• _TASK REQUIREMENTS_: Once you have read the entries, copy all of them exactly.

• _DATA FOR THE TASK_:

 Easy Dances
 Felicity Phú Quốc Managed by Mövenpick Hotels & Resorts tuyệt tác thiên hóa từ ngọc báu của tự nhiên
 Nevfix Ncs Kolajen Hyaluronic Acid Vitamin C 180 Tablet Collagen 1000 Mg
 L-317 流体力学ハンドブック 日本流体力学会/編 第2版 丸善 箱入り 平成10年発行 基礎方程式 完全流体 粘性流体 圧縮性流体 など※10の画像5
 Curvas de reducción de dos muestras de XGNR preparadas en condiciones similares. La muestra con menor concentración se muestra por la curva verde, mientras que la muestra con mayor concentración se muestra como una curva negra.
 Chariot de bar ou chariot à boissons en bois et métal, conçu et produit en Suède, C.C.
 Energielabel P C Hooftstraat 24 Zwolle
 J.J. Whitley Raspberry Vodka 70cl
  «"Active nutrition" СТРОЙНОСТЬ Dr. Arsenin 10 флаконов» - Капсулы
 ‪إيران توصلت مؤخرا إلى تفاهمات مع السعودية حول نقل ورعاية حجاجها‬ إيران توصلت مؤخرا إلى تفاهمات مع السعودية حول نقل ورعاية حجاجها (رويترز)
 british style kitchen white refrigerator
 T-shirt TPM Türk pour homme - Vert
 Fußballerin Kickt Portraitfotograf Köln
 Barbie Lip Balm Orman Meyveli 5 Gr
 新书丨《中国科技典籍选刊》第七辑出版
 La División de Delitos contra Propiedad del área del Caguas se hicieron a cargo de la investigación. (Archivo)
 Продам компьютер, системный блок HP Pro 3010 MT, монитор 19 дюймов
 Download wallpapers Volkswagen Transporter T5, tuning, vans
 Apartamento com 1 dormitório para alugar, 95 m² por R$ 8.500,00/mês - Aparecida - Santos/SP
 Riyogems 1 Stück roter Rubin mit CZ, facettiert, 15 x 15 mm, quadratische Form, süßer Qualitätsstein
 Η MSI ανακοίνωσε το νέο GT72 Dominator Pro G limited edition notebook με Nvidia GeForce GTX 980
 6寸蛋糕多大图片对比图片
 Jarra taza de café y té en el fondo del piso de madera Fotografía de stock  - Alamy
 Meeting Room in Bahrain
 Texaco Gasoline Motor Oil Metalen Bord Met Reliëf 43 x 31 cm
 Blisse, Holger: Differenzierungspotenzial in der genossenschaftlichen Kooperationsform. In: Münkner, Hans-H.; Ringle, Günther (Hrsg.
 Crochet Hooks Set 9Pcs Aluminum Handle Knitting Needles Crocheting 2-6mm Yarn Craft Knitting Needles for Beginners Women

• _RESULT_:
 Easy Dances
 Felicity Phú Quốc Managed by Mövenpick Hotels & Resorts tuyệt tác thiên hóa từ ngọc báu của tự nhiên
 Nevfix Ncs Kolajen Hyaluronic Acid Vitamin C 180 Tablet Collagen 1000 Mg
 L-317 流体力学ハンドブック 日本流体力学会/編 第2版 丸善 箱入り 平成10年発行 基礎方程式 完全流体 粘性流体 圧縮性流体 など※10の画像5
 Curvas de reducción de dos muestras de XGNR preparadas en condiciones similares. La muestra con menor concentración se muestra por la curva verde, mientras que la muestra con mayor concentración se muestra como una curva negra.
 Chariot de bar ou chariot à boissons en bois et métal, conçu et produit en Suède, C.C.
 Energielabel P C Hooftstraat 24 Zwolle
 J.J. Whitley Raspberry Vodka 70cl
  «"Active nutrition" СТРОЙНОСТЬ Dr. Arsenin 10 флаконов» - Капсулы
 ‪إيران توصلت مؤخرا إلى تفاهمات مع السعودية حول نقل ورعاية حجاجها‬ إيران توصلت مؤخرا إلى تفاهمات مع السعودية حول نقل ورعاية حجاجها (رويترز)
 british style kitchen white refrigerator
 T-shirt TPM Türk pour homme - Vert
 Fußballerin Kickt Portraitfotograf Köln
 Barbie Lip Balm Orman Meyveli 5 Gr
 新书丨《中国科技典籍选刊》第七辑出版
 La División de Delitos contra Propiedad del área del Caguas se hicieron a cargo de la investigación. (Archivo)
 Продам компьютер, системный блок HP Pro 3010 MT, монитор 19 дюймов
 Download wallpapers Volkswagen Transporter T5, tuning, vans
 Apartamento com 1 dormitório para alugar, 95 m² por R$ 8.500,00/mês - Aparecida - Santos/SP
 Riyogems 1 Stück roter Rubin mit CZ, facettiert, 15 x 15 mm, quadratische Form, süßer Qualitätsstein
 Η MSI ανακοίνωσε το νέο GT72 Dominator Pro G limited edition notebook με Nvidia GeForce GTX 980
 6寸蛋糕多大图片对比图片
 Jarra taza de café y té en el fondo del piso de madera Fotografía de stock  - Alamy
 Meeting Room in Bahrain
 Texaco Gasoline Motor Oil Metalen Bord Met Reliëf 43 x 31 cm
 Blisse, Holger: Differenzierungspotenzial in der genossenschaftlichen Kooperationsform. In: Münkner, Hans-H.; Ringle, Günther (Hrsg.
 Crochet Hooks Set 9Pcs Aluminum Handle Knitting Needles Crocheting 2-6mm Yarn Craft Knitting Needles for Beginners Women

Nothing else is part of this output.